Collected material |
────────────────

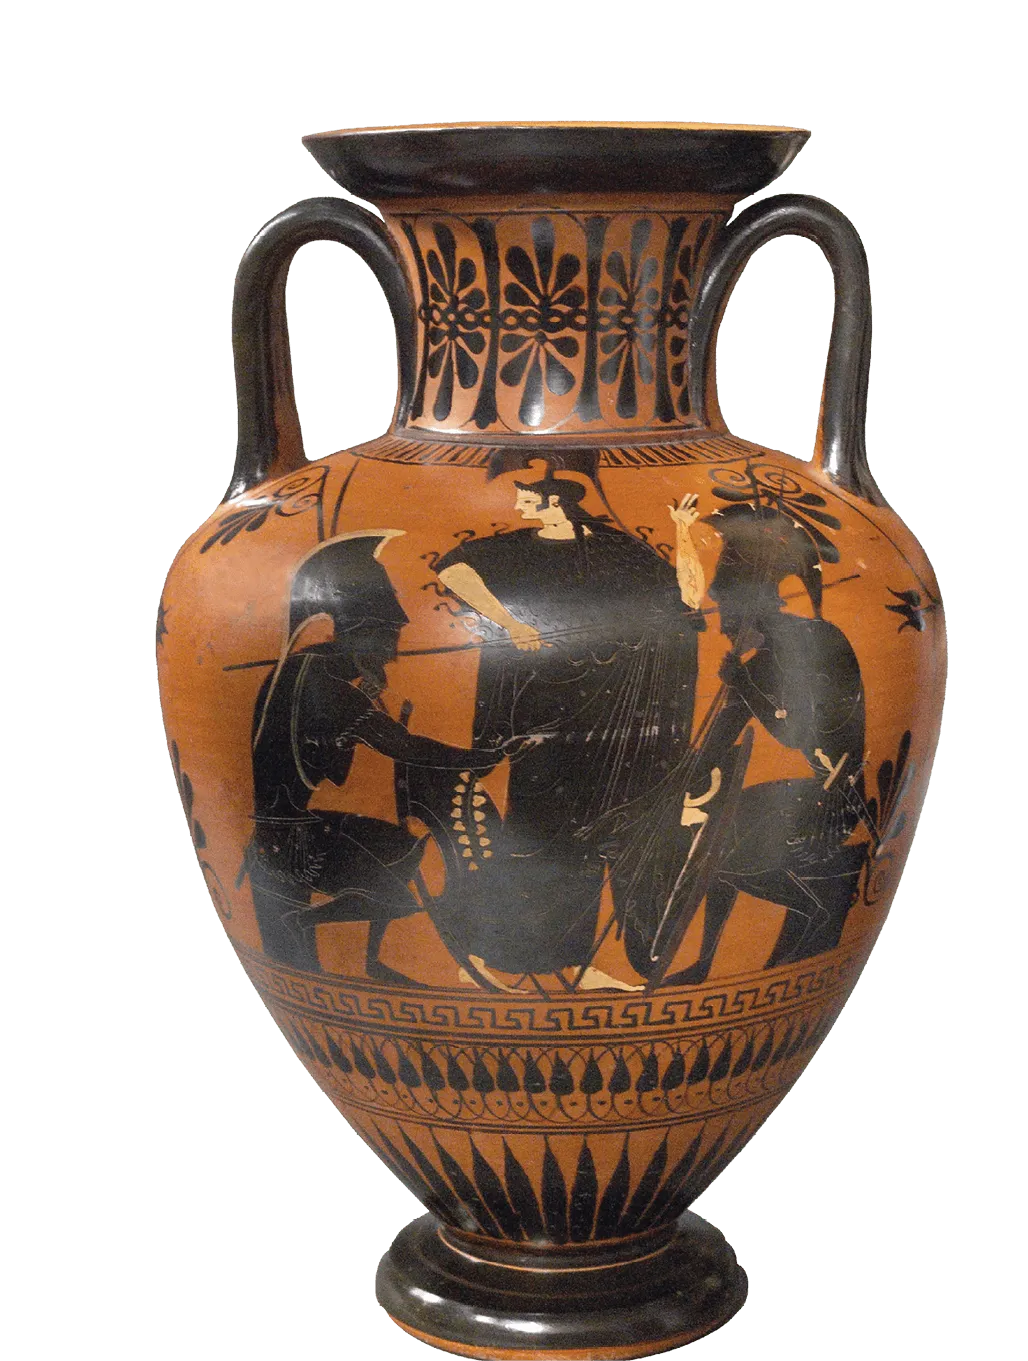 Guerriers grecs jouant
aux dés
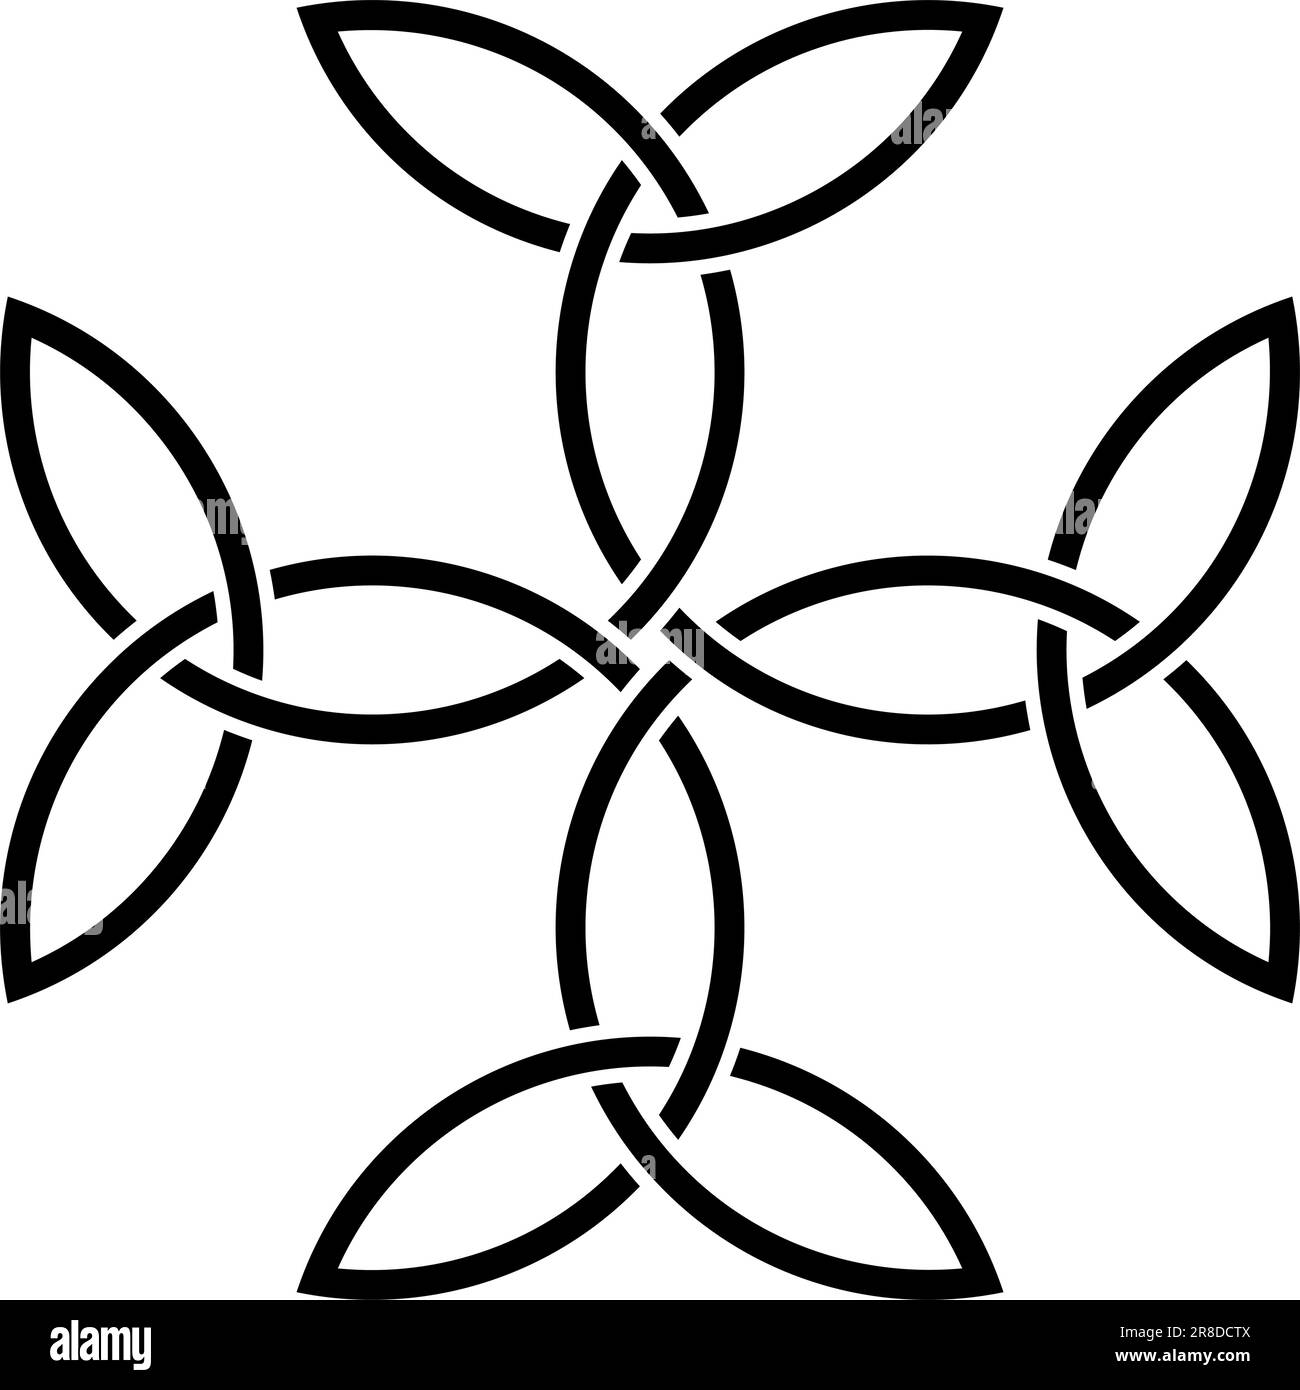 Croce carolingia in nero. Simbolo celtico. Sfondo isolato. Simboleggia l'unità, l'equilibrio e Dio. Illustrazione Vettoriale

────────────────

Task | Pictures stay out; everything else in the listing above gets repeated exactly.

Exercise solution |
 Guerriers grecs jouant
aux dés
 Croce carolingia in nero. Simbolo celtico. Sfondo isolato. Simboleggia l'unità, l'equilibrio e Dio. Illustrazione Vettoriale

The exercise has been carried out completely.